Push the deployment.

Add real tenants to the keys file as you onboard them.
Eventually drop MANTIS_API_TOKEN once nothing relies on the legacy single-tenant path.

The default tenant entry can stay forever — it's harmless and gives existing callers continuity.

Per-platform secret-store snippets¶

BasetenAWS Secrets ManagerGCP Secret ManagerPlain k8s SecretModal Secret

BASETEN_API_KEY="..."
cat /tmp/keys.json | curl -sS -X POST \
  -H "Authorization: Api-Key $BASETEN_API_KEY" \
  -H "Content-Type: application/json" \
  --data-binary "$(jq -n --arg v "$(cat /tmp/keys.json)" '{name:"mantis_tenant_keys",value:$v}')" \
  https://api.baseten.co/v1/secrets

aws secretsmanager put-secret-value \
  --secret-id mantis-prod/mantis_tenant_keys \
  --secret-string file:///tmp/keys.json

gcloud secrets versions add mantis-prod-mantis_tenant_keys \
  --data-file=/tmp/keys.json

kubectl create secret generic mantis-tenant-keys \
  --from-file=mantis_tenant_keys=/tmp/keys.json \
  --dry-run=client -o yaml | kubectl apply -f -

Modal Secrets are env-var-shaped, so the keys file is shipped as a single env var MANTIS_TENANT_KEYS_JSON that the container writes to /tmp/tenant_keys.json at boot (see deploy/modal/modal_mantis_server.py::_bootstrap_tenant_keys).

# Create / overwrite the secret with the contents of /tmp/keys.json
modal secret create --force mantis-tenant-keys \
  MANTIS_TENANT_KEYS_JSON="$(cat /tmp/keys.json)"

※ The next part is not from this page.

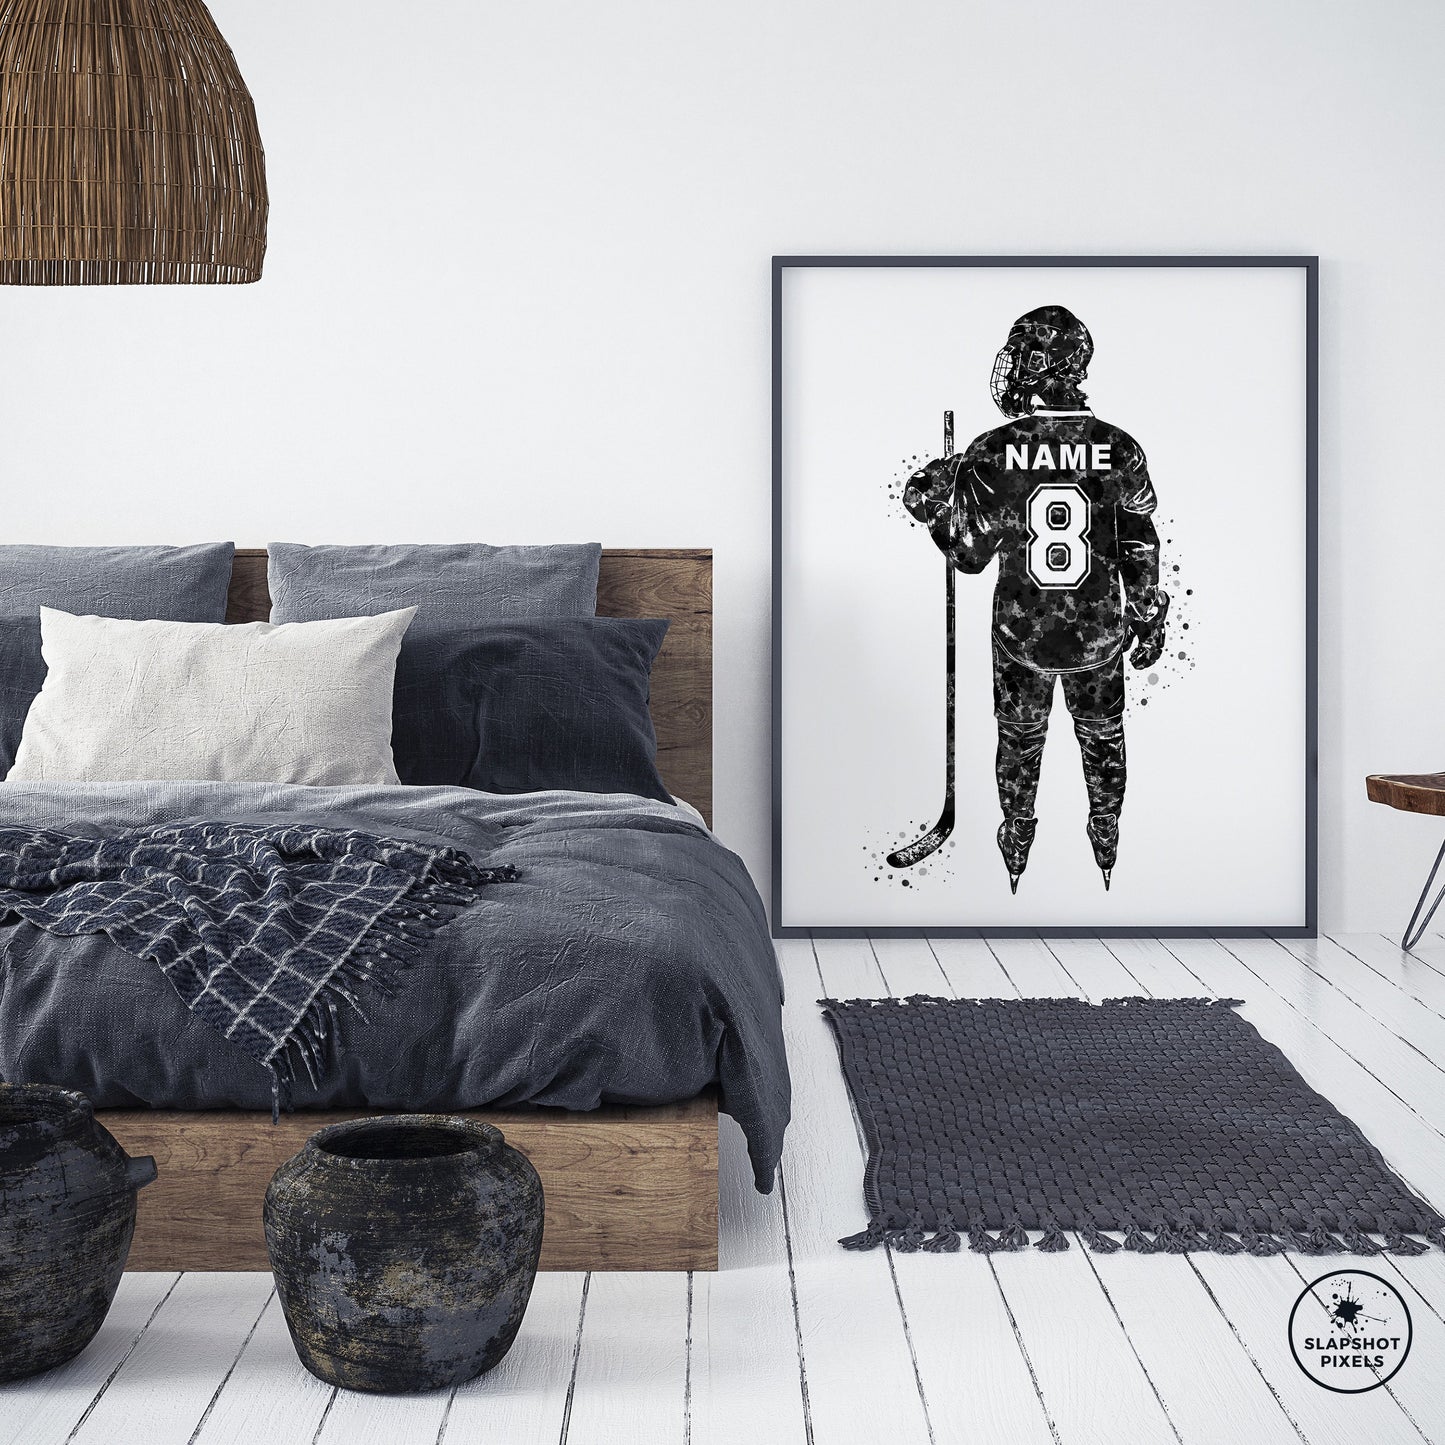 Personalized hockey poster showing back of hockey player with custom name and number on the hockey jersey. Designed in watercolor splatters. Perfect hockey gifts for boys, hockey team gifts, hockey coach gift, hockey wall art décor in a hockey bedroom and birthday gifts for hockey players.

# Force a fresh container to pick up the new secret on next request.
# Modal scales replicas at request time, so this is automatic after
# a few minutes of idle, but `app stop` makes it immediate.
modal app stop mantis-server

To edit (e.g. add a domain to allowed_domains or rotate a token):

# 1. Pull the current keys
modal secret get mantis-tenant-keys MANTIS_TENANT_KEYS_JSON > /tmp/keys.json

# 2. Edit /tmp/keys.json — add domains, change caps, rotate tokens

# 3. Push it back + restart replicas
modal secret create --force mantis-tenant-keys \
  MANTIS_TENANT_KEYS_JSON="$(cat /tmp/keys.json)"
modal app stop mantis-server

The 5-second hot-reload still works within a container (edits to the file the bootstrap wrote), but secret updates require a new container boot to pick up — that's what the app stop gives you. Don't redeploy the function unless the code itself changed; app stop is enough to retire all warm replicas.

Auditing the live keys¶

The runtime never logs tokens, only tenant_id. Every request emits:

{
  "ts": "2026-04-28T02:14:32Z",
  "level": "INFO",
  "logger": "mantis_agent.baseten_server",
  "msg": "predict tenant=tenant_a scope=run state_key=… detached=true action=run",
  "tenant_id": "tenant_a"
}

To see who's active right now:

kubectl logs -l app=mantis-holo3-server --tail=1000 \
  | jq -r 'select(.tenant_id) | .tenant_id' \
  | sort | uniq -c | sort -rn

For longer windows, use the mantis_predict_requests_total counter from /metrics (see Metrics).

What's NOT in this PR¶

Self-service token issuance (admin API for tenants to rotate their own keys without operator action) — Tier 3 follow-up.
Tenant-scoped Anthropic budget tracking — costs are reported per-run today; aggregating to a tenant-level monthly budget is left to your billing system using the metrics counters.
Token expiration / TTL — currently tokens are immortal until removed. Add a cron that prunes by hand or wait for the Tier 3 admin API.